Prompt - Down to the last line, set down the material below exactly, excluding pictures.

Given material -

*****

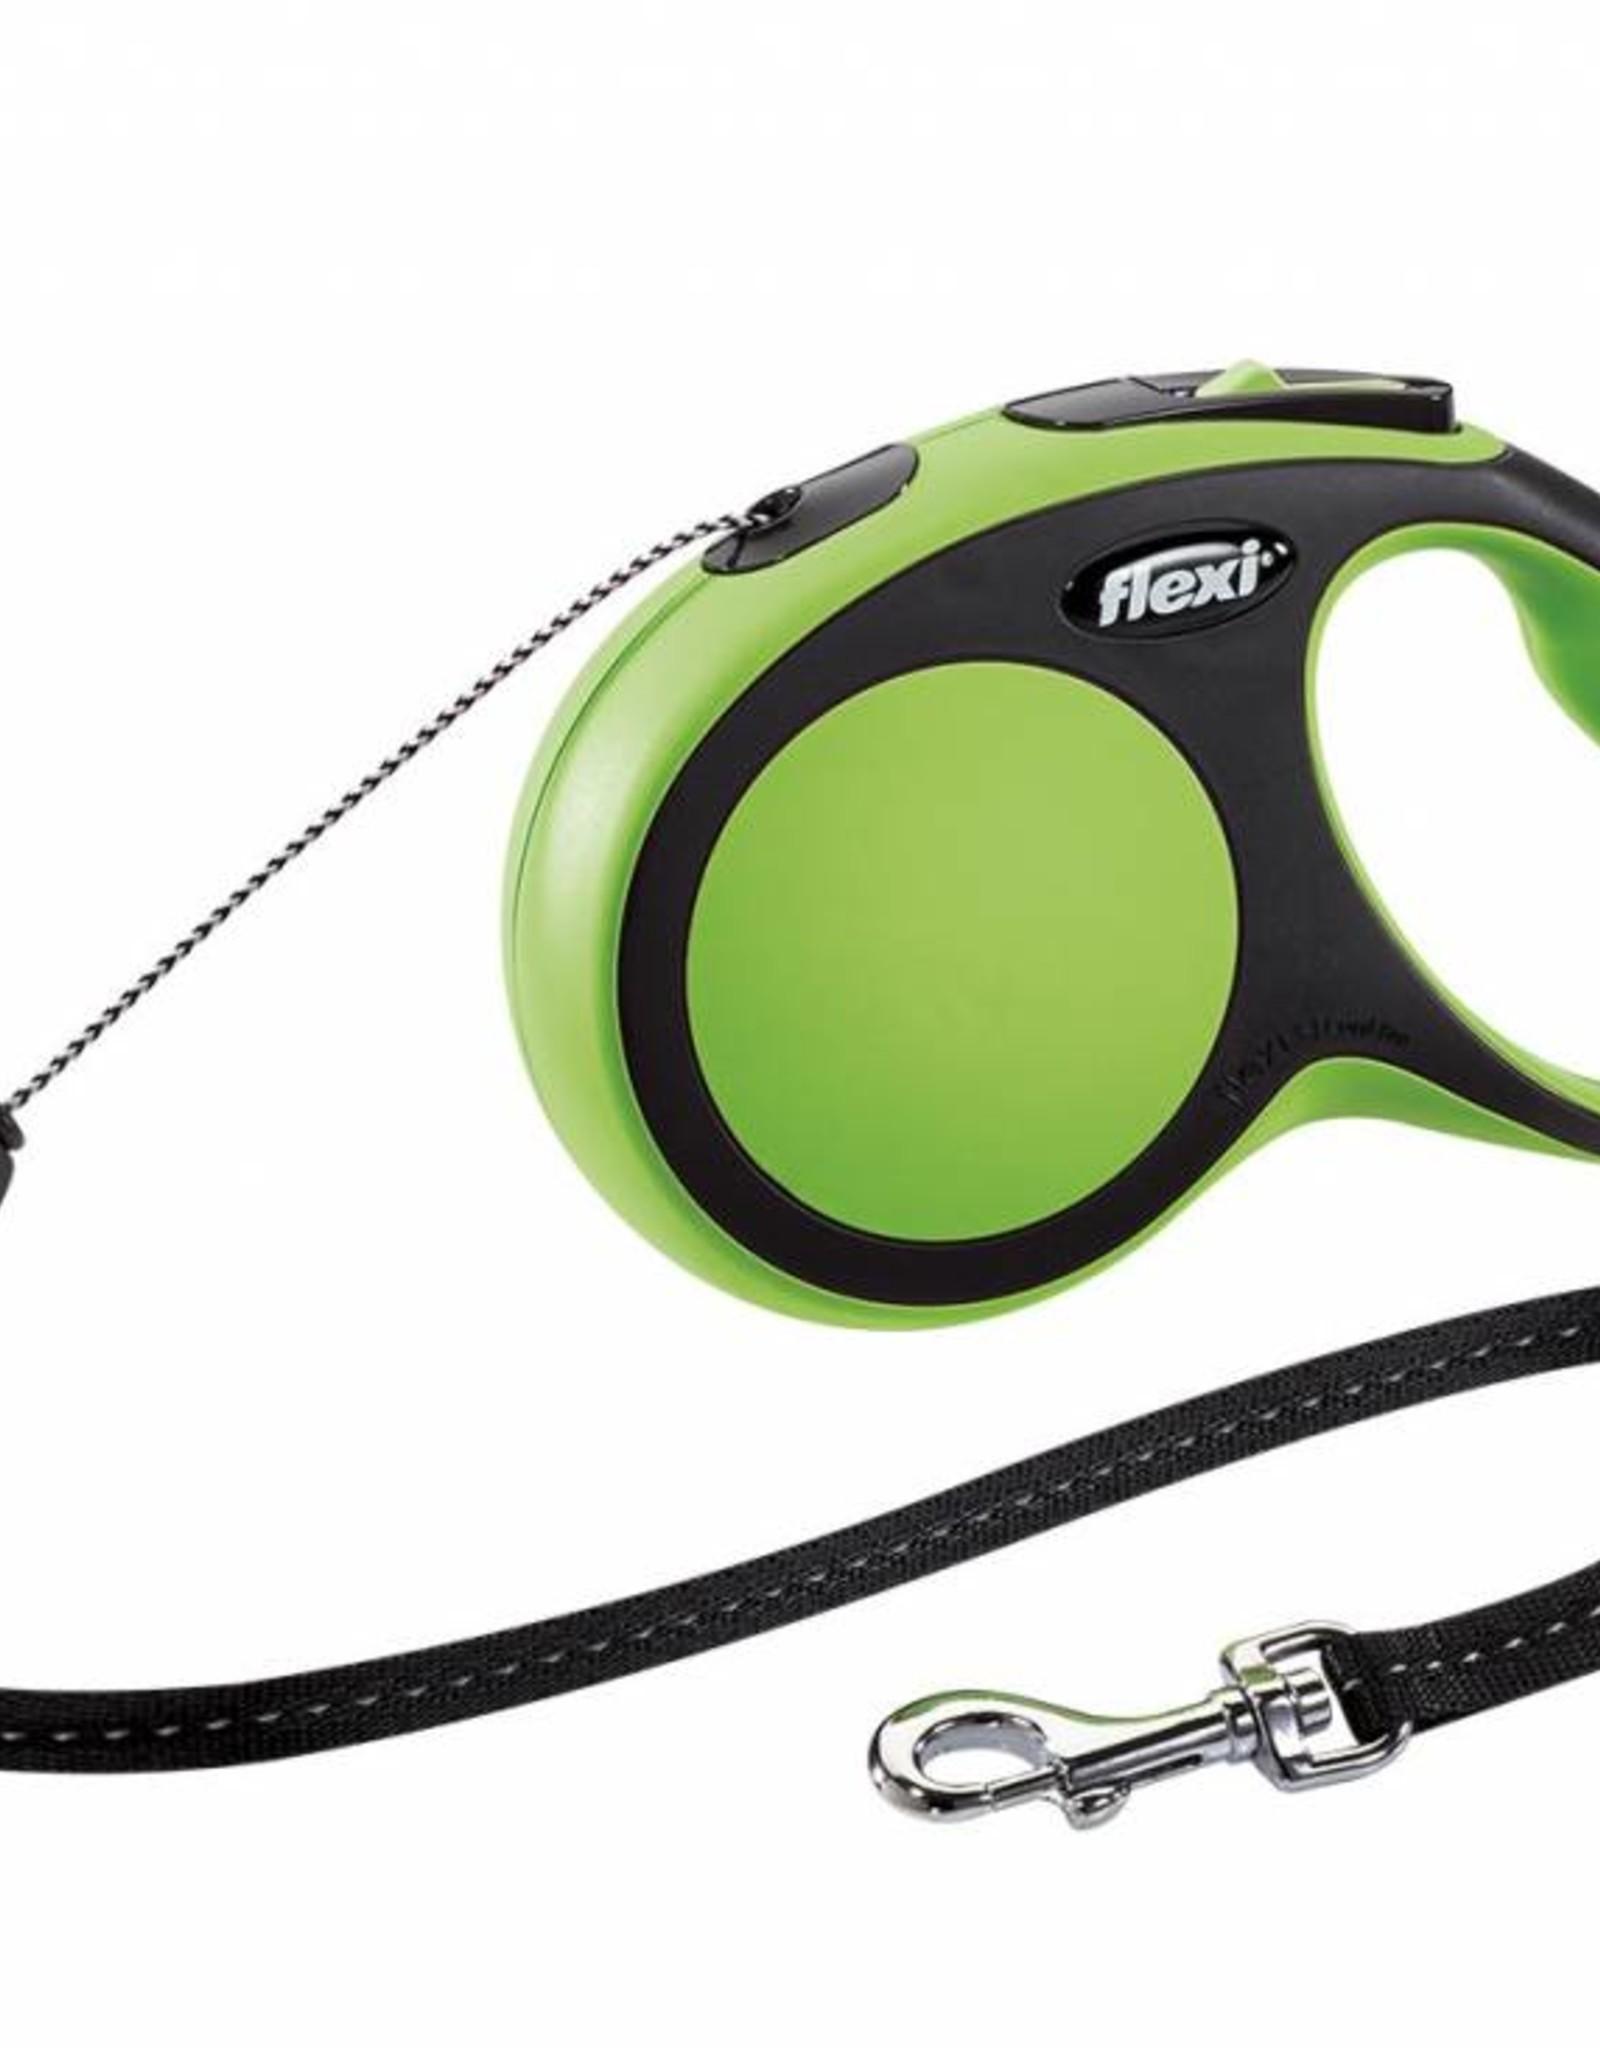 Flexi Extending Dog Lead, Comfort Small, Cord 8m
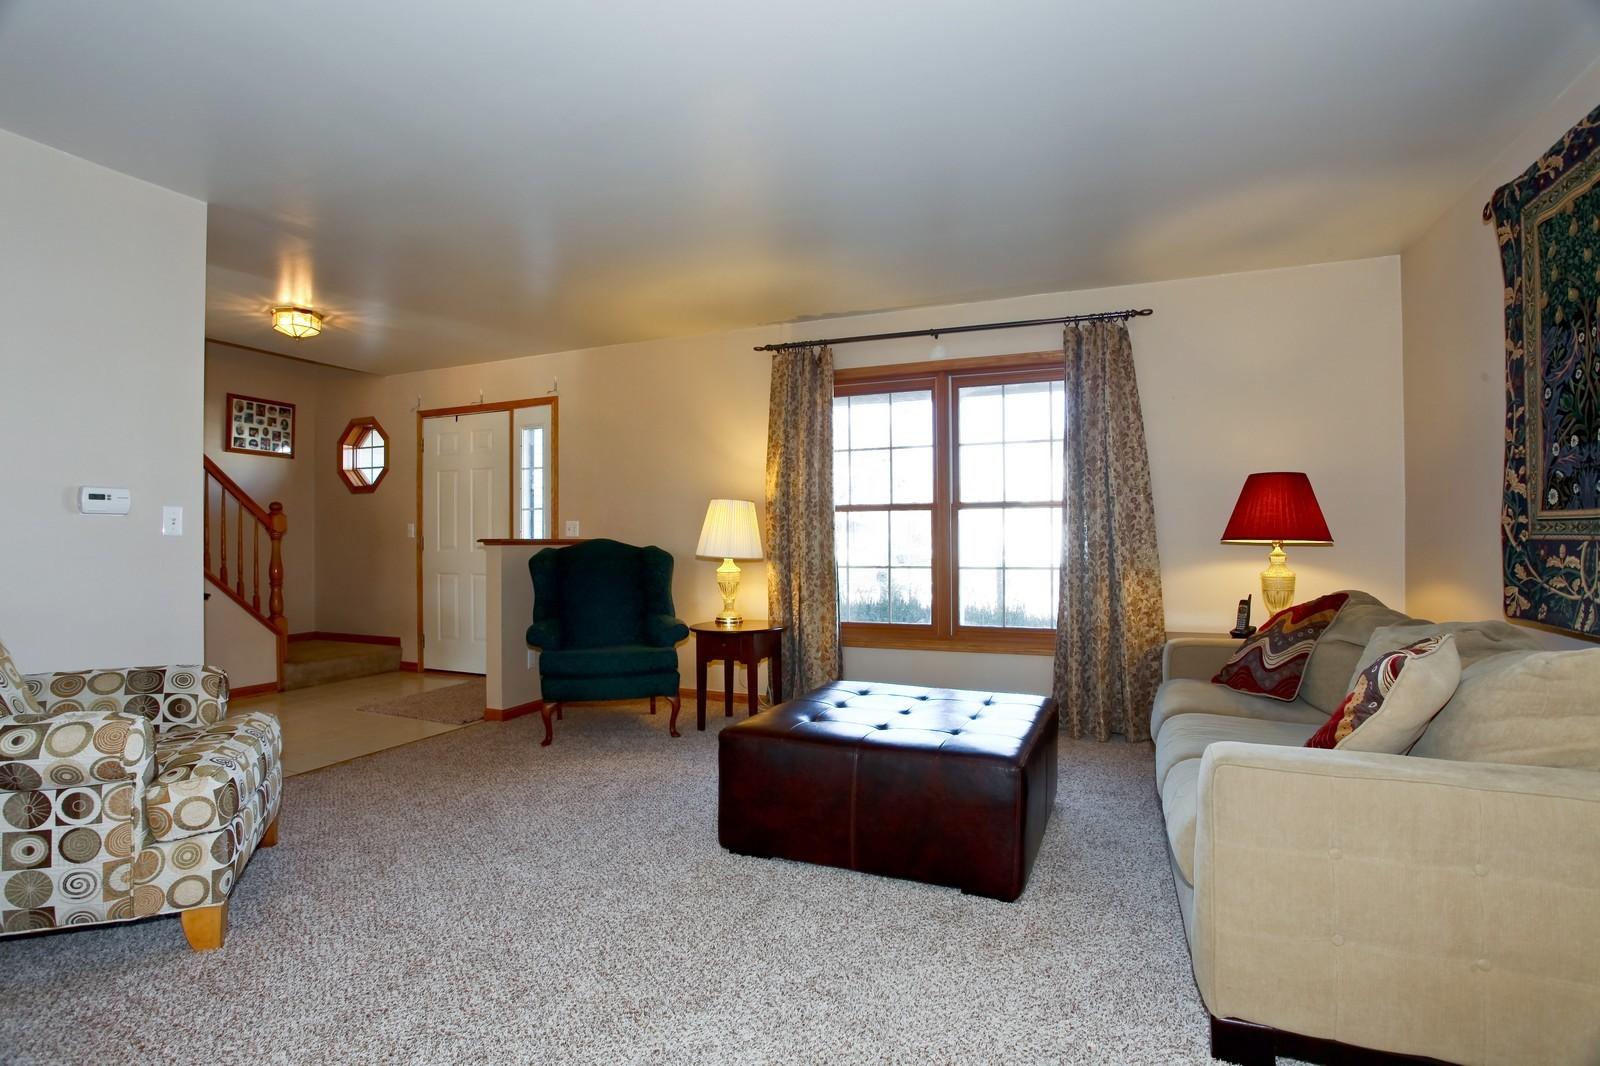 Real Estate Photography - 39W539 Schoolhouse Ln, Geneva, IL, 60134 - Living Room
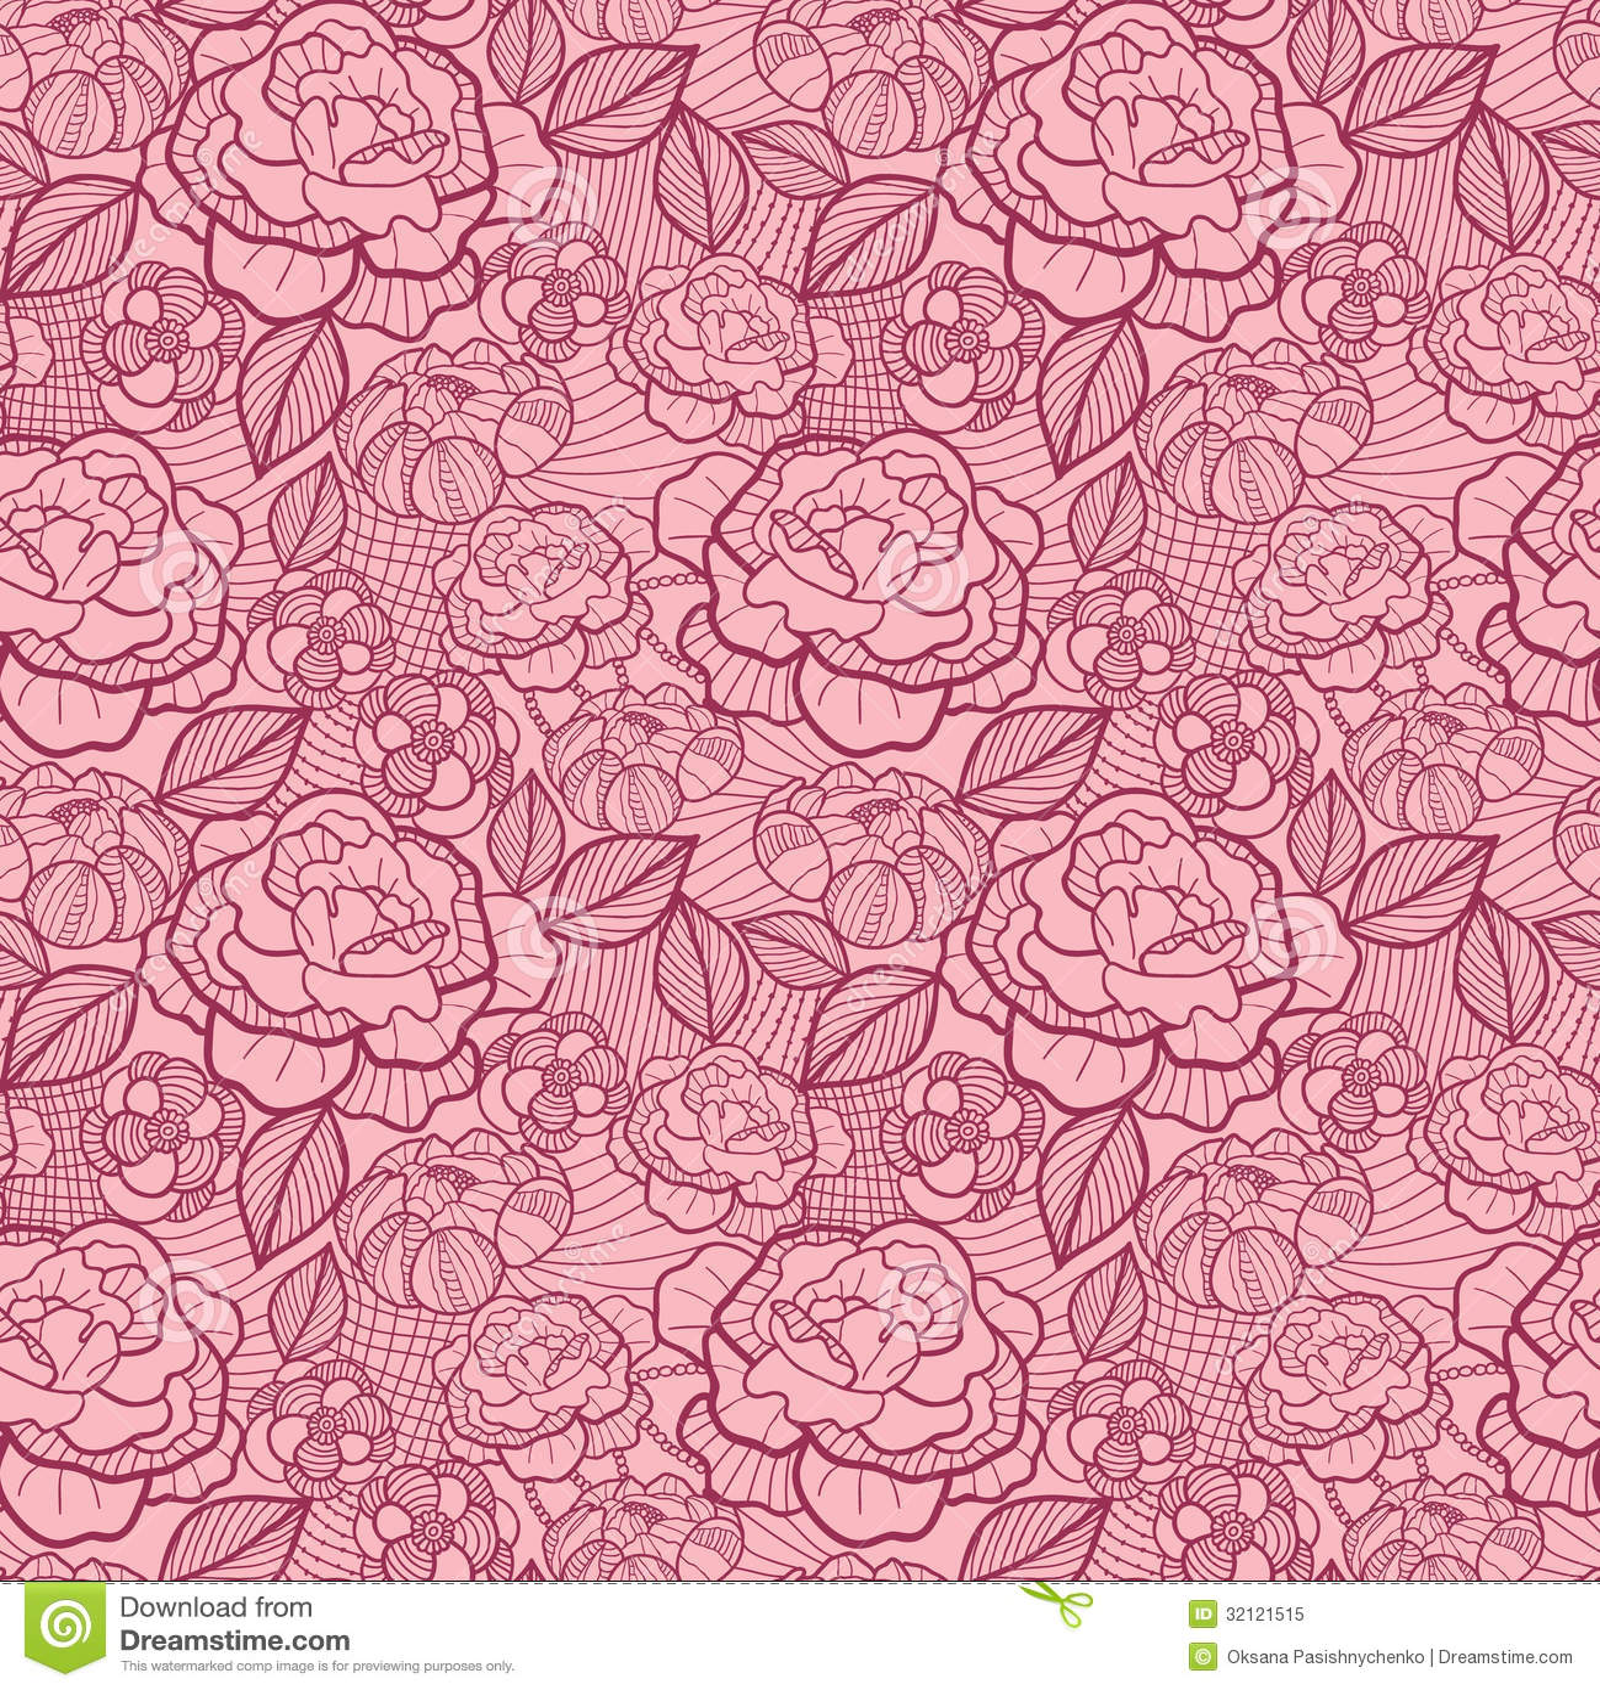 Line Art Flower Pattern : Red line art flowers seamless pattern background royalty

*****

Solution to the problem -
 Flexi Extending Dog Lead, Comfort Small, Cord 8m
 Real Estate Photography - 39W539 Schoolhouse Ln, Geneva, IL, 60134 - Living Room
 Line Art Flower Pattern : Red line art flowers seamless pattern background royalty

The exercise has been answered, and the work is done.